* _Exercise requirements_
Search the listing below for the string "Disney" and show each line that contains it.

* _Extracted information_

_____

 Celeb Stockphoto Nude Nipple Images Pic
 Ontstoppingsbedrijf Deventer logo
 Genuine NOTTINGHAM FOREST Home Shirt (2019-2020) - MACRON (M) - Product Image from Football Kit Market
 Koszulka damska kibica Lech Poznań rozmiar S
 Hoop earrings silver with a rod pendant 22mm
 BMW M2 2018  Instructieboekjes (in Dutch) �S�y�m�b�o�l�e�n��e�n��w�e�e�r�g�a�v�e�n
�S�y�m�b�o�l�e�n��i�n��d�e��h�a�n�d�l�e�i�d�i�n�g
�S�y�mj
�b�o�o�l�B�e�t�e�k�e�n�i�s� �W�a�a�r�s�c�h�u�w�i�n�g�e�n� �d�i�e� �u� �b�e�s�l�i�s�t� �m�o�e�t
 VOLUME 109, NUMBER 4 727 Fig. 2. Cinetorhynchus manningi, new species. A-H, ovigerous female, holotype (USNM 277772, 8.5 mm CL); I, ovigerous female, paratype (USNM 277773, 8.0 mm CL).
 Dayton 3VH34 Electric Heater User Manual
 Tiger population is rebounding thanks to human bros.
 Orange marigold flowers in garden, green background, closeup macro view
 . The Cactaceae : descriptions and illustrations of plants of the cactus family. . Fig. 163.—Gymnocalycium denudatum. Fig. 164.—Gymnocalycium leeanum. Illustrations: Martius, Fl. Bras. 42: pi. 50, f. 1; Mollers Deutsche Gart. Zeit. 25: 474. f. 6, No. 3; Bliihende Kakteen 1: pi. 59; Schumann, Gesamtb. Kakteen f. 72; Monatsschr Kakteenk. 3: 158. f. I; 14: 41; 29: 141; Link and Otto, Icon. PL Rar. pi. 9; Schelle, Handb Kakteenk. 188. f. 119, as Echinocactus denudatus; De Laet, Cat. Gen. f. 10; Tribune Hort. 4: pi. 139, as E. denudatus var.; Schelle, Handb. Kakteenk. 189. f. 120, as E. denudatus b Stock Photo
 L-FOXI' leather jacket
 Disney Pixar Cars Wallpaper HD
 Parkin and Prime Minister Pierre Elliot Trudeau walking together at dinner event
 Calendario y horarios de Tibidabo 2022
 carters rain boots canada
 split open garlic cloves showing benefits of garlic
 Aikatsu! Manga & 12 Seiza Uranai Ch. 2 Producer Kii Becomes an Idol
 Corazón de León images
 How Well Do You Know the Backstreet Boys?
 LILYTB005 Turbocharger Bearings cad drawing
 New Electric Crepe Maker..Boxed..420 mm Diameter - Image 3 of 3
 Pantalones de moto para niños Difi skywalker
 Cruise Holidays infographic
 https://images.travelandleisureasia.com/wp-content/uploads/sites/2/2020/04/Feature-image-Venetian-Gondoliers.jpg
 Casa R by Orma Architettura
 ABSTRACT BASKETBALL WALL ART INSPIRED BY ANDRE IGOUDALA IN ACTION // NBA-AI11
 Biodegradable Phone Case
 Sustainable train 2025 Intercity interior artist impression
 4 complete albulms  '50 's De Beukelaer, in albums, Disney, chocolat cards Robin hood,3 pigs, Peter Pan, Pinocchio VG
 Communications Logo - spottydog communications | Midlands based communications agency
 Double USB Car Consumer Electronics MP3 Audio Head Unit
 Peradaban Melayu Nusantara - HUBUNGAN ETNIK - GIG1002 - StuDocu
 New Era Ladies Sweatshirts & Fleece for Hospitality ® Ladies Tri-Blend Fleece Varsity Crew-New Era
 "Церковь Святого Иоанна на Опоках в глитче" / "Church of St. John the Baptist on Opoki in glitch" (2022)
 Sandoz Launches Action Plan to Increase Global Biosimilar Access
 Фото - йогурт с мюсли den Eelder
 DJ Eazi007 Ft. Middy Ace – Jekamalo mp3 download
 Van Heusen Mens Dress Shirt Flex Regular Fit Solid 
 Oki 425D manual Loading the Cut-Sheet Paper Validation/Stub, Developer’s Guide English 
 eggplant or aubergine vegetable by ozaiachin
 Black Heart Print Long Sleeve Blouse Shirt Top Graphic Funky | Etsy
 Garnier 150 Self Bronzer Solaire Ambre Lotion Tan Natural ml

_____

* _Written solution_
 Disney Pixar Cars Wallpaper HD
 4 complete albulms  '50 's De Beukelaer, in albums, Disney, chocolat cards Robin hood,3 pigs, Peter Pan, Pinocchio VG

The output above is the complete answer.